Use timeframe==10 to test the amount of funds 1000, 10000, 100000

$ python3 td.py 1000 30 10
max count:5 of winodw from 910:2015-01-02 03:36:08 to 914:2015-01-02 03:36:17
[time] 0.02788376808166504 sec.
[('2015-01-02 03:24:06', 5)]
[time] 0.3295907974243164 sec.

$ python3 td.py 10000 30 10
max count:6 of winodw from 5304:2015-01-02 21:45:41 to 5309:2015-01-02 21:45:47
[time] 0.20185112953186035 sec.
[('2015-01-02 21:45:38', 6)]
[time] 3.2009713649749756 sec.

$ python3 td.py 100000 30 10
max count:7 of winodw from 16224:2015-01-04 17:16:17 to 16230:2015-01-04 17:16:23
[time] 1.8946728706359863 sec.
[('2015-01-04 17:16:17', 7)]
[time] 33.85069417953491 sec.

If the timeframe size is kept unchanged, both times will show a linear growth in the number of test funds
But when the timeframe doubles, the second method will take twice as long

This means that the maximum method complexity of @citaret should be O(n * timeframe)

Another point is that sometimes the results of these two methods are not the same, there will be a difference. If the questioner has a method, he can verify the correctness

I just look at the answer I found and it seems to be correct, but please correct me if I have made any mistakes. Thank you!

We also welcome more people to discuss this issue.

Questions I answered: Python-QA

高洛峰 · Answer

There is no data and no good profile. Let’s give a version first to see if others have better solutions.

xs = [
'2015-01-02 10:21:02',
'2015-01-02 10:21:02',
'2015-01-02 10:21:03',
'2015-01-02 10:21:04',
'2015-01-02 10:21:06',
'2015-01-02 10:21:10',
'2015-01-02 10:21:11',
'2015-01-02 10:21:13',
'2015-01-02 10:22:00',
'2015-01-02 10:22:12' ]

from datetime import datetime, timedelta
import collections

delta = 5
fmt = "%Y-%m-%d %H:%M:%S"
ys = ((datetime.strptime(x, fmt) + timedelta(seconds=-i)).strftime(fmt) for x in xs for i in range(delta))
print collections.Counter(ys).most_common(1)
# output: [('2015-01-02 10:21:02', 5)]

伊谢尔伦 · Answer

@dokelung tested it using the citaret algorithm.

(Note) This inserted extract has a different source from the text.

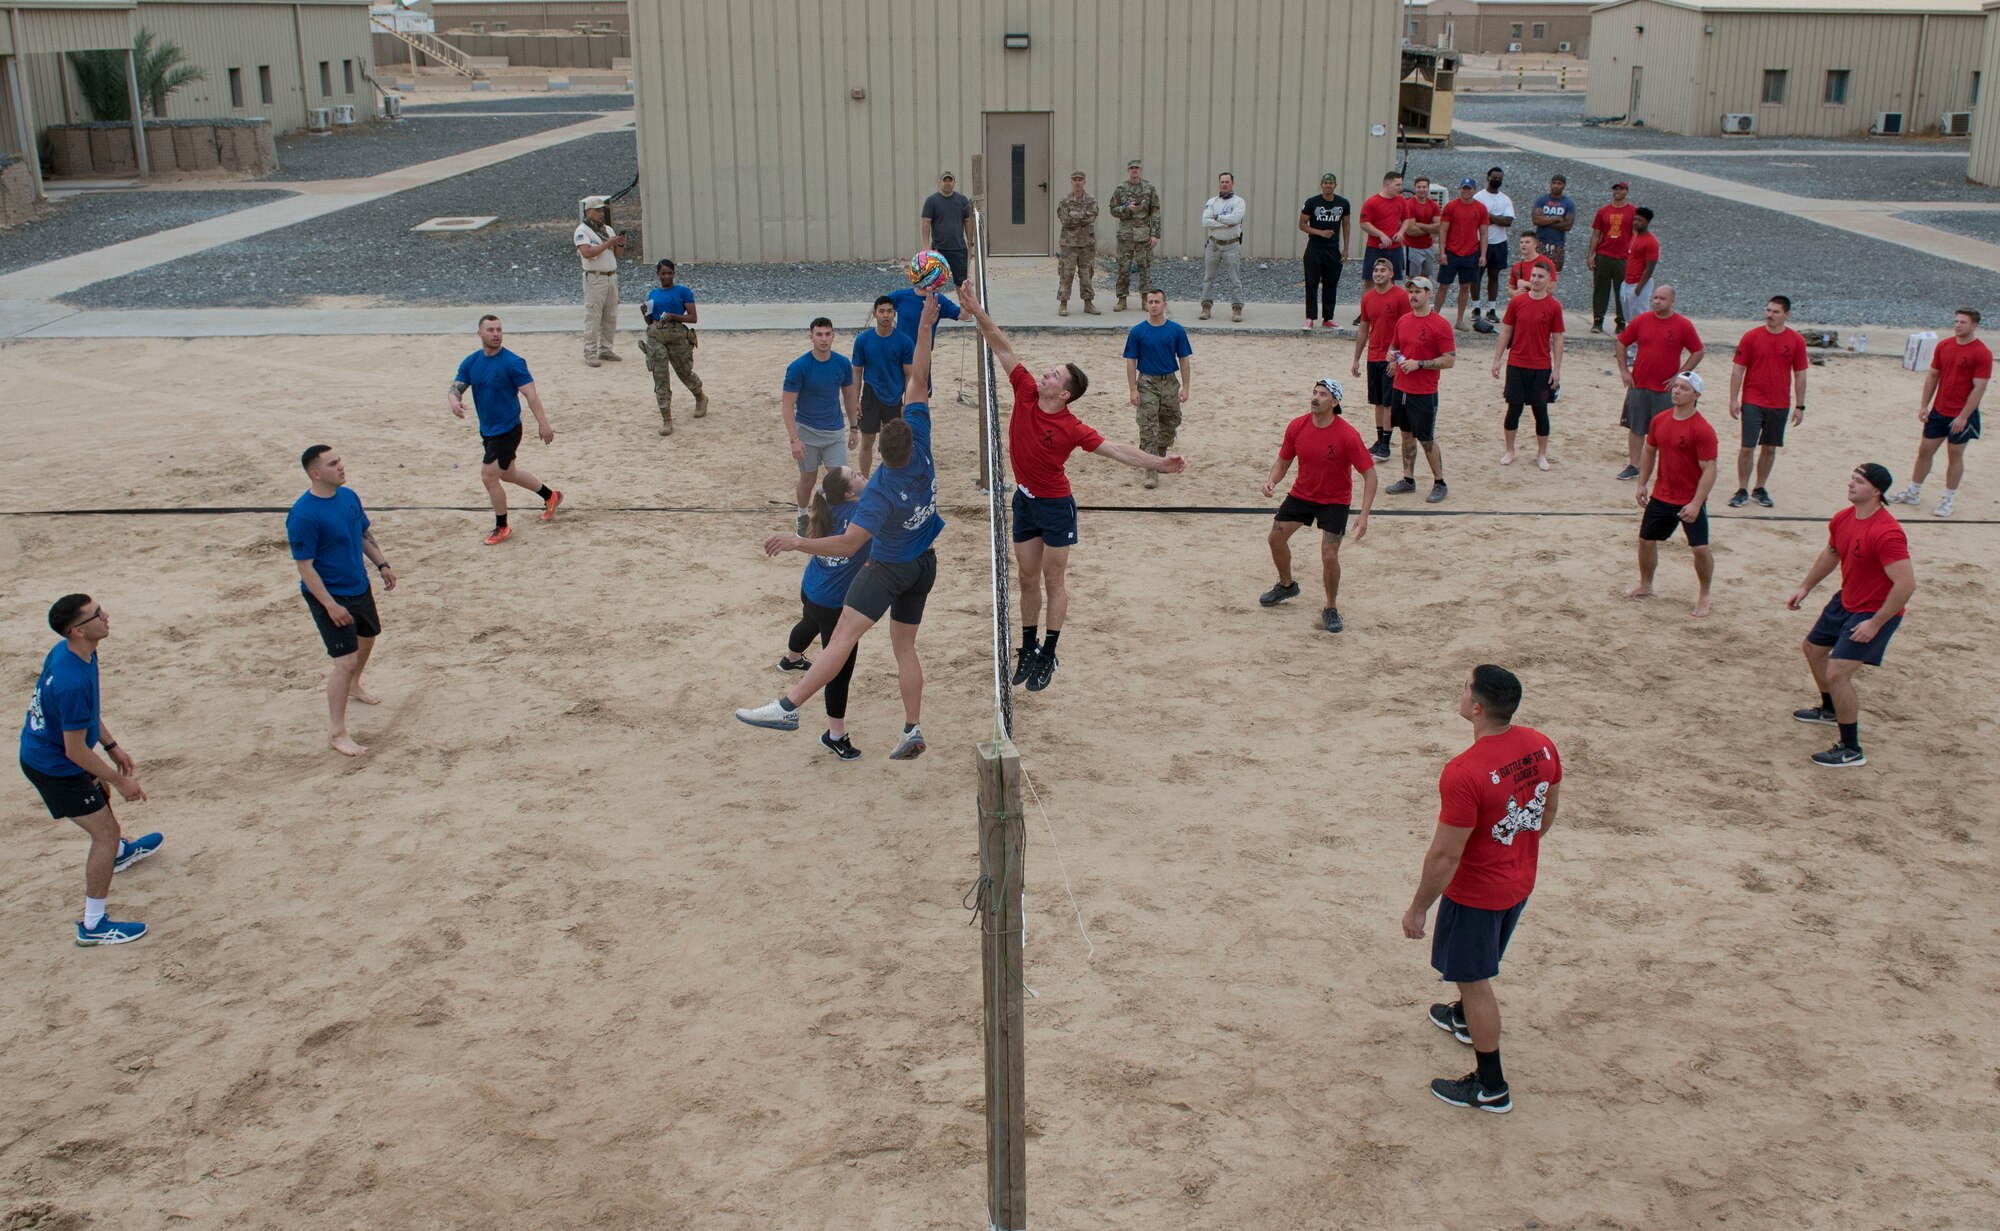 U.S. Air Force Airmen assigned to the 407th Expeditionary Security Forces Squadron and the 407th Expeditionary Civil Engineer Squadron play volleyball during the Battle of the Badges event at Ahmed Al Jaber Air Base, Kuwait, Nov. 11, 2020.

For a list with a total of 27505 elements (extracted from a single log file with 630,000 lines and aggregated from multiple source IPs), it took 3.8842415850296845s. My original time took 16.544873371035163s, and the efficiency was improved. Quite a few, although still on the order of seconds, this is just one file per day. At the same time, it helped me find that the more serious efficiency problem is actually the extraction of log lines that meet the requirements within the function. Thank you everyone for your answers and participation, thank you!